→ TRY IT
Transcribe, starting at the line with "A Lexus SUV" and ending at the line with "Parshuram Jayanti 2021", every line of the material below exactly, but leave out the pictures and anything outside that span.

→ EXERCISE MATERIAL
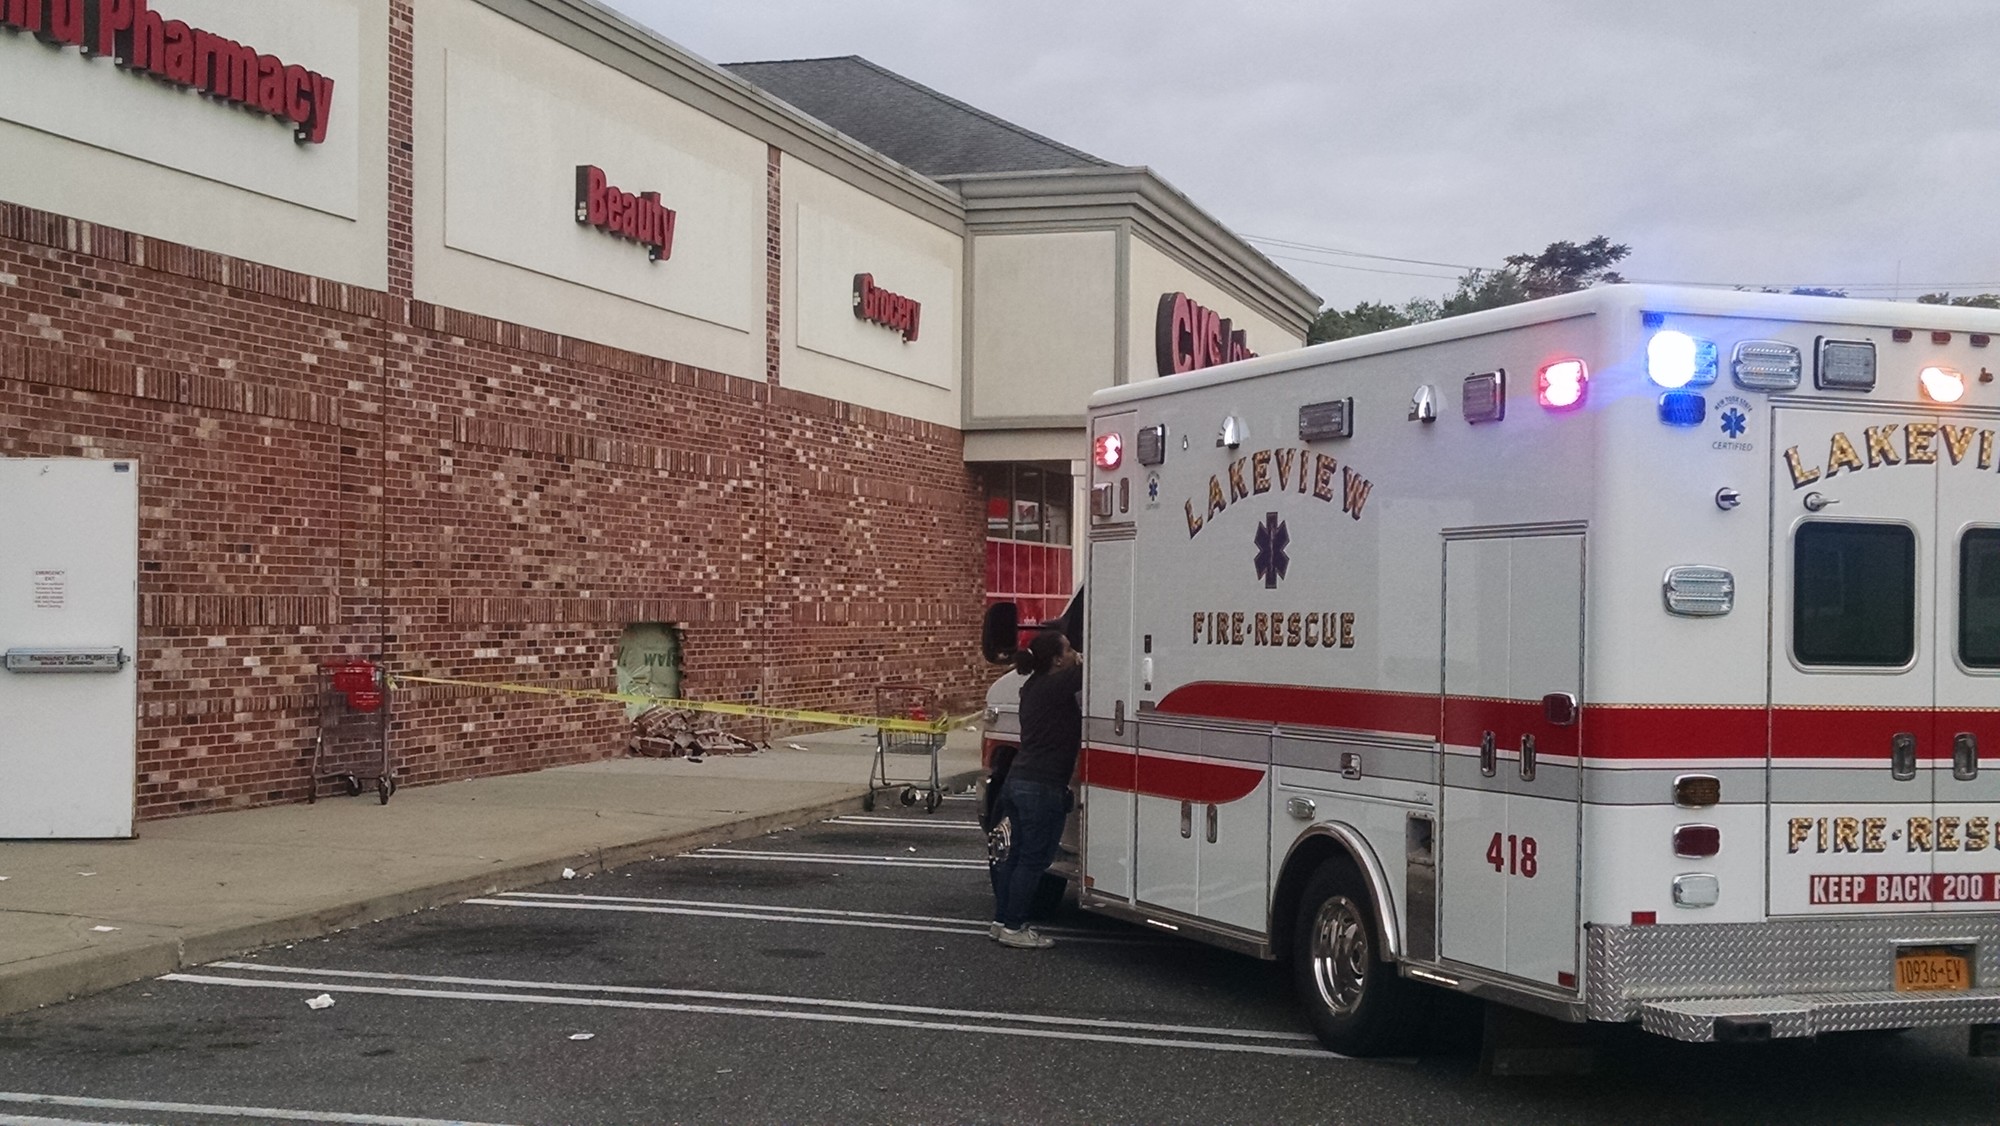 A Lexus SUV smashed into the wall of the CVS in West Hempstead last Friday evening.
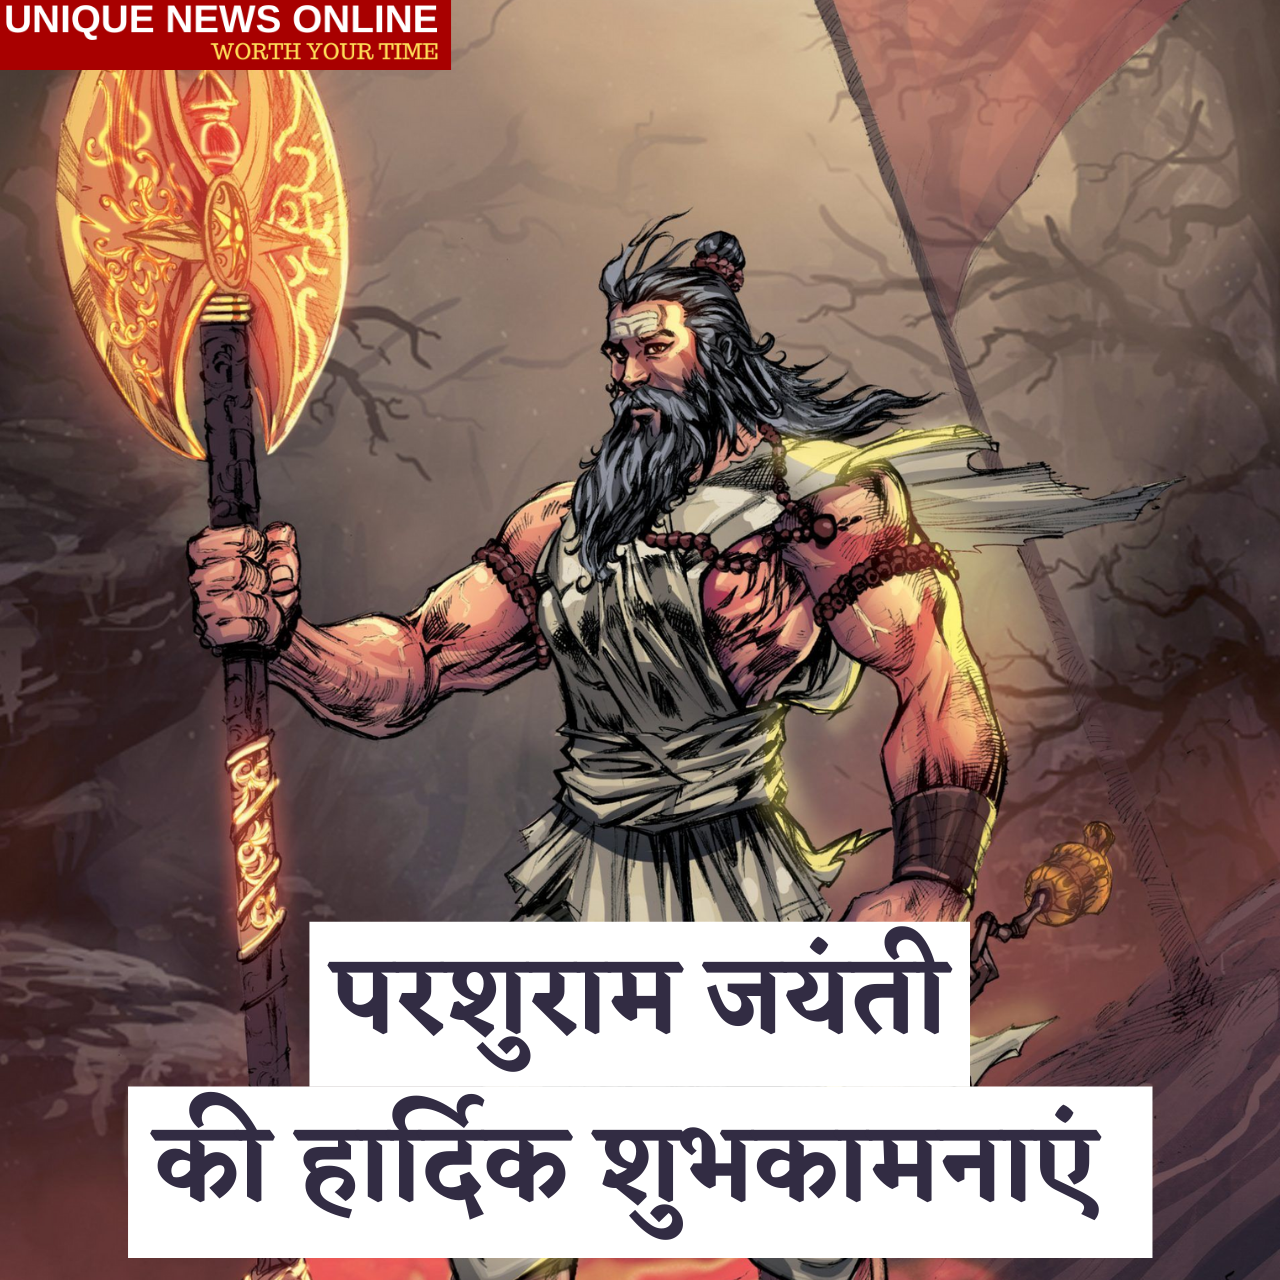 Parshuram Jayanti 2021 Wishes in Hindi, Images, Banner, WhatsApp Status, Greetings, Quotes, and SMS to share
...
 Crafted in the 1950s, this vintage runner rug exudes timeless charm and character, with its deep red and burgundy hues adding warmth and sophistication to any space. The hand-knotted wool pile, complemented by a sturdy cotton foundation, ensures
==
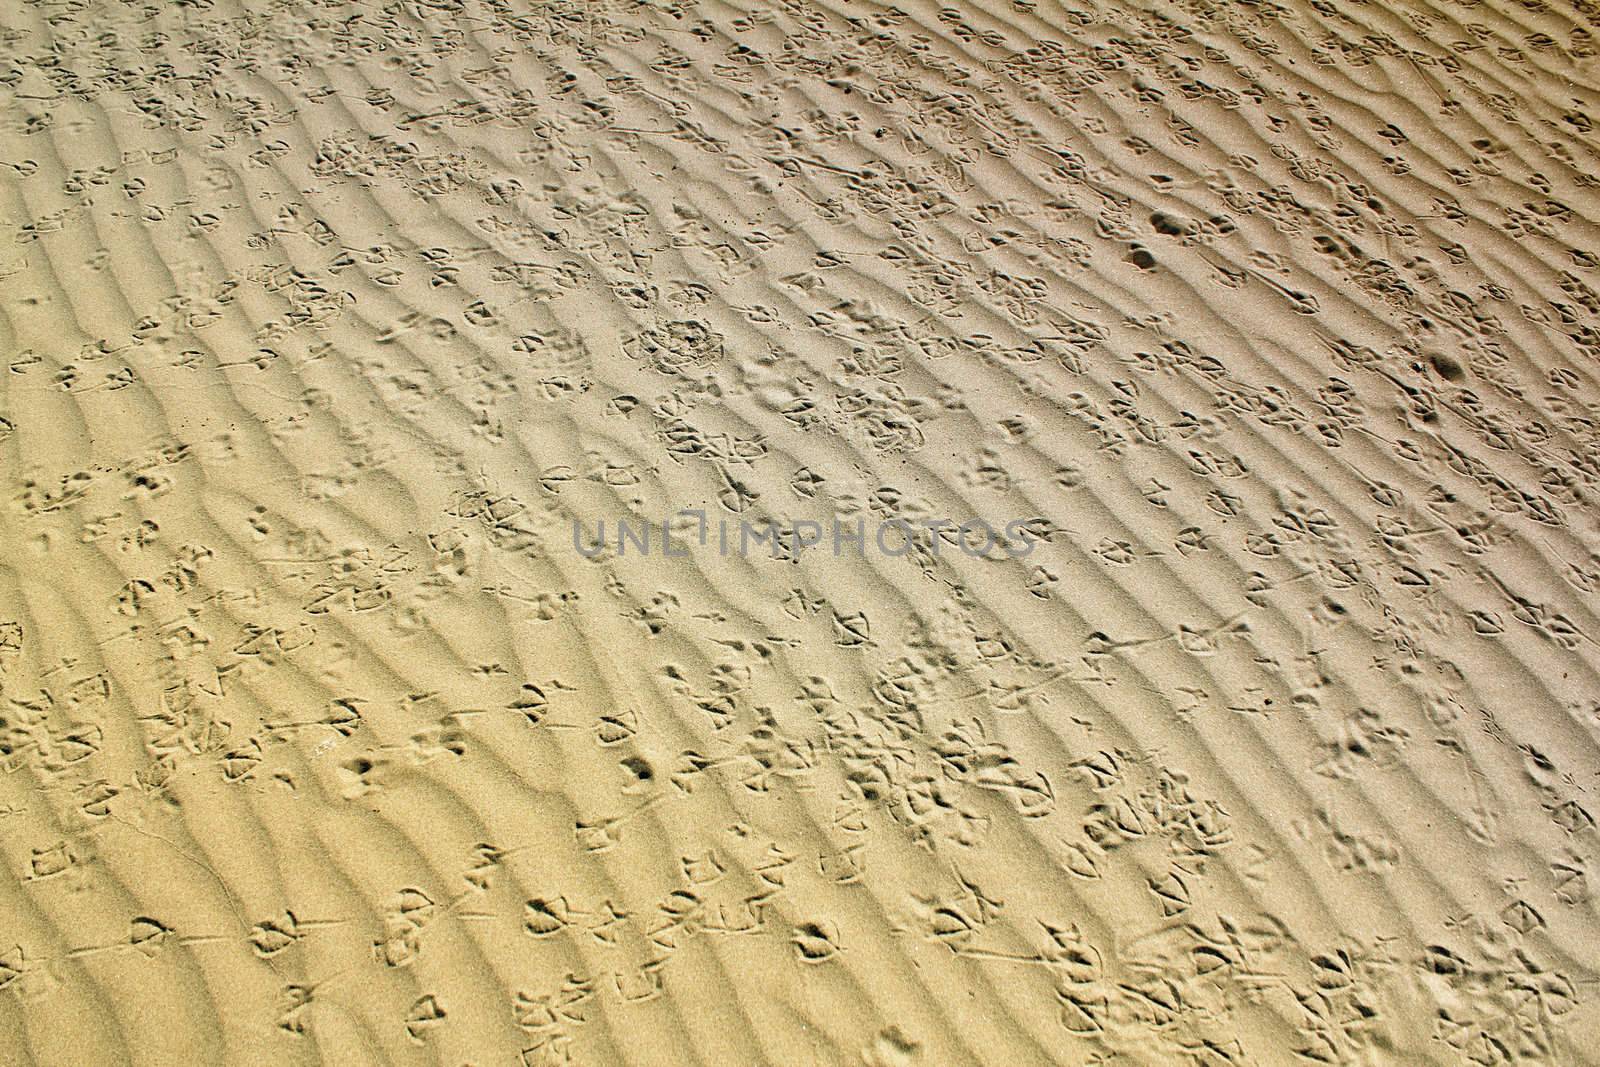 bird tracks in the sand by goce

→ EXERCISE SOLUTION
 A Lexus SUV smashed into the wall of the CVS in West Hempstead last Friday evening.
 Parshuram Jayanti 2021 Wishes in Hindi, Images, Banner, WhatsApp Status, Greetings, Quotes, and SMS to share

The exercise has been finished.